One example of the object-level mapping: Text Description: He is looking at the opposite side of the road. The “selectedTextBbox” attribute of the phrase “the road” is: "the road._relativeToGoalReasoningText_7": [465.32276330690826, 486.76056338028167, 1079.9546998867497, 621.4889336016097]. The key string has following 3 values based on underscore: "the road." : Noun or pronoun. "relativeToGoalReasoningText": Text Description containing the noun or pronoun "7": Id of the bounding box The remaining is the coordinates of the bounding box. ![image](./images/data_granularity_v3.png)
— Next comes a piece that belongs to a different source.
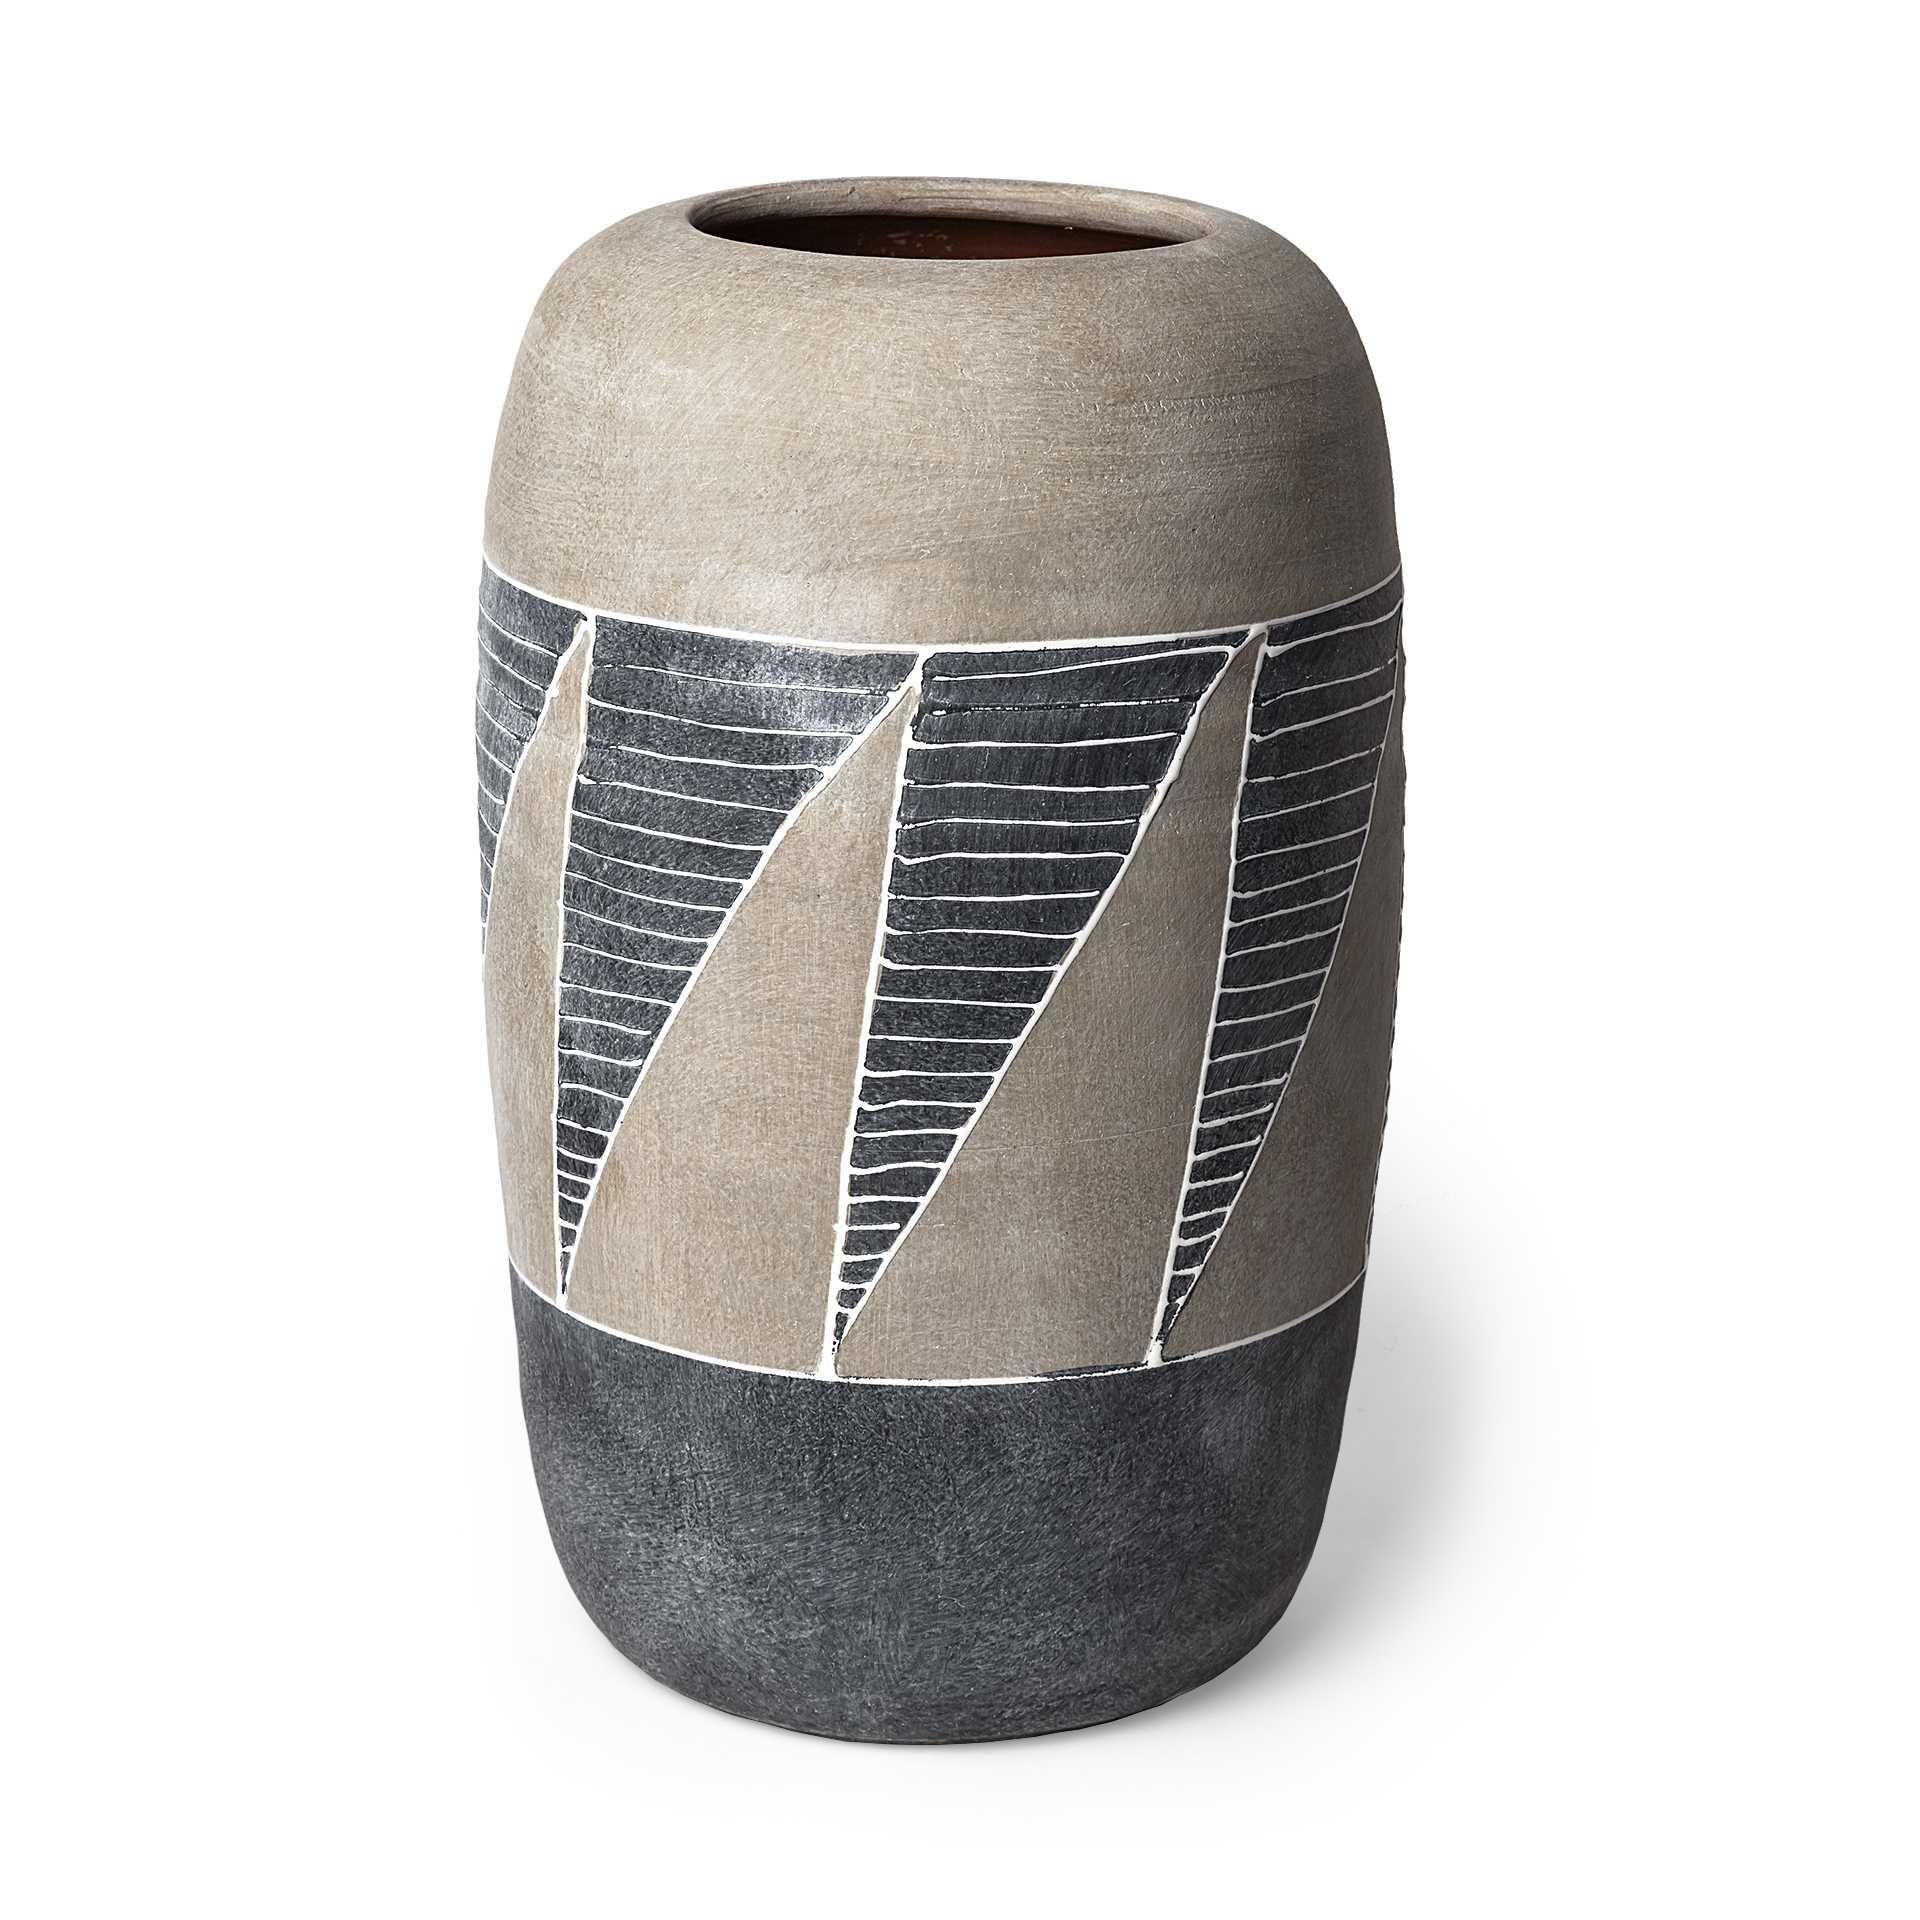 Grey and Brown Ceramic Vase

[Q7]: Regarding the evaluation and ground true, our understanding is that we have to create a ground-truth JSON file based on the training and validation sets. However, the annotations provided in the dataset correspond to several annotators (10-11). It means that we have to process all those annotations in order to create a ground-truth that provides a “1” or “0” pedestrian intention per frame. Something similar has to be done with the driver intention. Does this ground-truth have to be generated using the mean (of all the annotators) or the majority strategy? Please, let us know if we are correctly interpreting how to create the JSON ground-truth.
Reply: For model training, we encourage participants to explore different strategies to leverage the multiple annotations provided by different annotators. However, for the validation and test data, we will use the majority vote annotation, determined by considering all annotators, as the ground truth to evaluate the submitted predictions. Based on our experience, disagreements among annotators have the potential to benefit model optimization and reduce overfitting.

[Q8]: Test set, we understand that the test set will be released on August 31. We also understand that the test set will provide the video inputs together with the CV and Cognitive annotations (excluding the intentions). Are we interpreting things right?
Reply: No, in the test data, only the CV annotations will be provided alongside the videos (clips). Cognitive annotations, which are closely linked to intent estimation, are intentionally excluded from the test data to avoid information leakage. This is because some sentences in the cognitive annotations explicitly include the intent, which could compromise the integrity of the evaluation. Additionally, in real-world applications, providing language descriptions at the initial stage is not practical. However, generating or predicting language descriptions based on visual input shows promise as a strategy.

[Q9]: what is the meaning of "groudID" attribute inside '*objType*_track_*trackId*' in the CV annotations?
Reply: We apologize for any confusion or inconvenience caused by this oversight. Regarding your question about the attribute "groupID," it was used solely for the purpose of collecting and organizing raw annotations for intent estimation. Consequently, the "groupID" attribute does not hold any relevance or provide any further information for the competition data processing or any specific tasks. Therefore, you can safely disregard any remaining "groupID" attributes present in the CV annotation files.